Area 51: the mystery 30 years after Clinton's announcement
Area 51 reveals the truth behind UFO theories as fascination with extraterrestrial life persists
5' min read
5' min read
Exactly 30 years ago, on 29 September 1995, the secret of Area 51 was revealed: in that large desert area in Nevada, USA, there are no landed or captured UFOs, no extraterrestrials landed by spaceships or even a centre for contact with 'Martians'.
No less than the President of the United States, then Bill Clinton, said it publicly 30 years ago, to dispel the various conspiracy theories that had been persistently circulating since the end of the Second World War: in Area 51, 26,000 square kilometres of desert, or almost, in Nevada, about 150 kilometres from the famous Las Vegas, there was only, so to speak, a gigantic American military base, 100% mouse secret. In this area, roughly the size of Piedmont, on which the Soviets had long aimed their satellite telescopes, new American weapons or those of others, even potential adversaries, if not enemies, were being tested, and still are.
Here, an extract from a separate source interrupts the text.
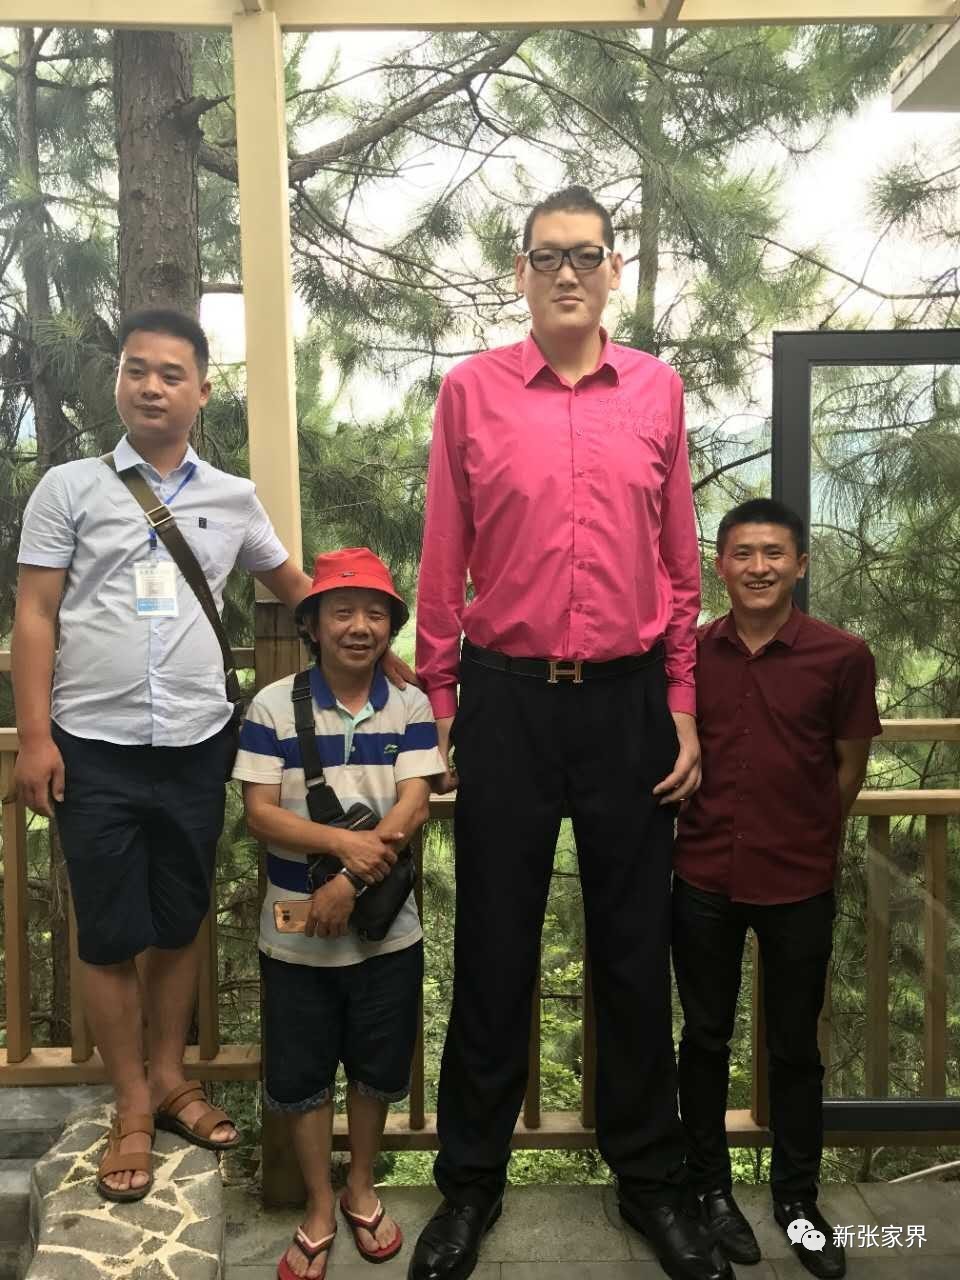 张欢,31岁,山东省枣庄市薛城区人,身高2.38米,体重163公斤,脚长

Many readers will recall that in the 1950s and 1960s, perhaps in the wake of the Second World War and the terror of the atomic bomb, all kinds of theories were put forward by the usual conspiracy theorists regarding reports of UFOs, flying objects of extraterrestrial origin. Images of flying saucers were often falsified, puppets representing living or dead extraterrestrials, all with big eyes and macrocephalic, details that were a treat for Freud's followers. At other times extraterrestrials were luckily found and proclaimed to be our cosmic brothers, not to mention people abducted and analysed in flying saucers or animals that came on board carried by rays, usually green. The American military probably let it go because in this way no one in the American public posed the question of what was really there.
The flying saucer craze inspired, and indeed still does, dozens of films, from masterpieces such as Wells' 'The War of the Worlds' to the recent and very tasty 'Mars Attack', even Ennio Flaiano, an excellent writer and observer of Italians, wrote 'A Martian in Rome', a city that digests everyone in a few days, even the extraterrestrial visiting here on Earth.
To get back to the 30-year anniversary we are talking about, it seems that Clinton was very interested in Area 51, even personally, or perhaps enough is enough, and so he decided to extinguish the ufological hypotheses: there they were working hard for the security of the US, full stop, as in developing the famous American spy planes of the Cold War that repeatedly, in the 1960s and 1970s, created crises between the US and the USSR.